Em terra, num ambiente controlado, tornou-se possível dominar as fases mais sensíveis do ciclo de vida das espécies, reprodução, larvicultura e crescimento juvenil, reduzindo riscos e aumentando a eficiência da produção. A investigação aplicada permitiu melhorar a alimentação, reforçar a sanidade animal e otimizar as condições de cultivo, criando uma base sólida para o crescimento do setor. Hoje, a aquacultura na Madeira representa um exemplo de adaptação a um ambiente exigente, onde os desafios iniciais deram lugar a um sistema mais robusto, sustentável e tecnologicamente evoluído.

Das dificuldades enfrentadas nas primeiras jaulas no mar até à consolidação do Centro de Maricultura da Calheta como polo de conhecimento e produção, o percurso reflete uma trajetória de resiliência, inovação e compromisso com o futuro da economia azul na região. A produção de microalgas constitui outro pilar essencial desta atividade, sendo fundamental para garantir a qualidade e o sucesso das fases iniciais do cultivo. Em sistemas controlados, são monitorizados parâmetros como a densidade celular, a taxa de crescimento e o valor nutricional, refletindo uma abordagem baseada na ciência e na inovação, com impacto direto na sustentabilidade da maricultura.

No âmbito do programa Madere Intime – Erasmus 2026, os participantes tiveram a oportunidade de vivenciar de perto o trabalho desenvolvido no centro, acompanhando a reprodução de ouriços-do-mar, realizando tarefas de limpeza e manutenção dos tanques e participando nas rotinas diárias de monitorização, alimentação e análise da água.

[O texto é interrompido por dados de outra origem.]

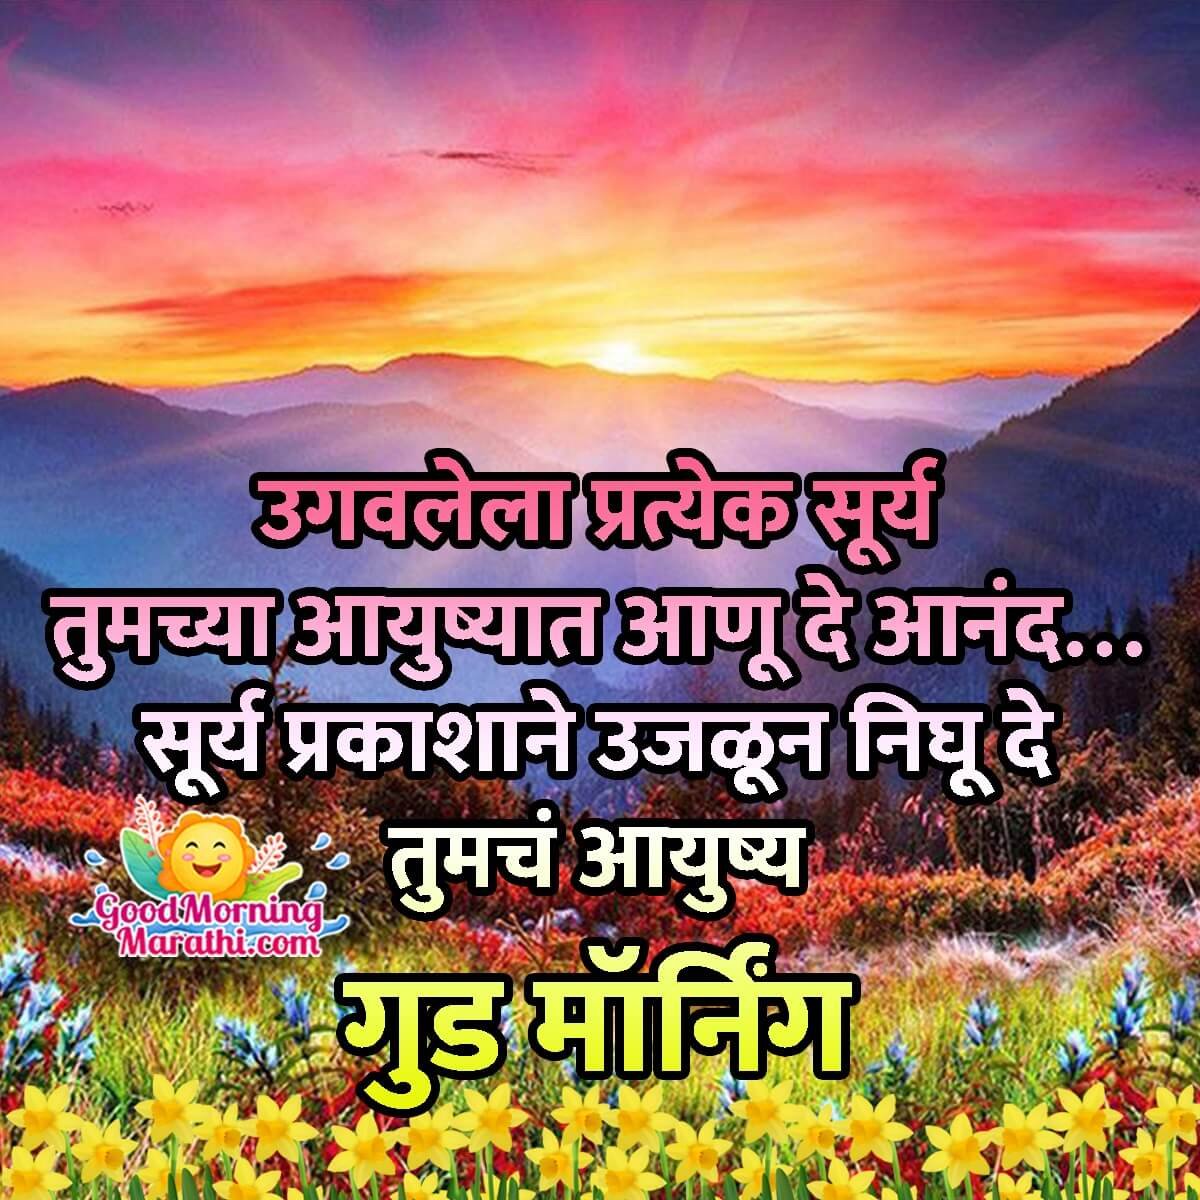 Beautiful Morning Wish In Marathi

Observaram ainda diferentes espécies e asseguraram o seu bem-estar, respeitando regimes alimentares específicos, como o mero, alimentado com alimento fresco em dias alternados; os pargos, com ração diária complementada; e as douradas, alimentadas exclusivamente com ração. Esta experiência revelou-se enriquecedora, reforçando a ligação entre o conhecimento científico, a sustentabilidade e a valorização do ambiente marinho.

Desta forma, o CMC afirma-se como um verdadeiro símbolo do compromisso da Madeira com o mar, representando um investimento da Secretaria Regional da Agricultura e Pescas, bem como da sua Direção Regional, na aposta numa LIDERANÇA QUALIFICADA e na respetiva equipa, cuja competência, dedicação e visão estratégica têm sido determinante.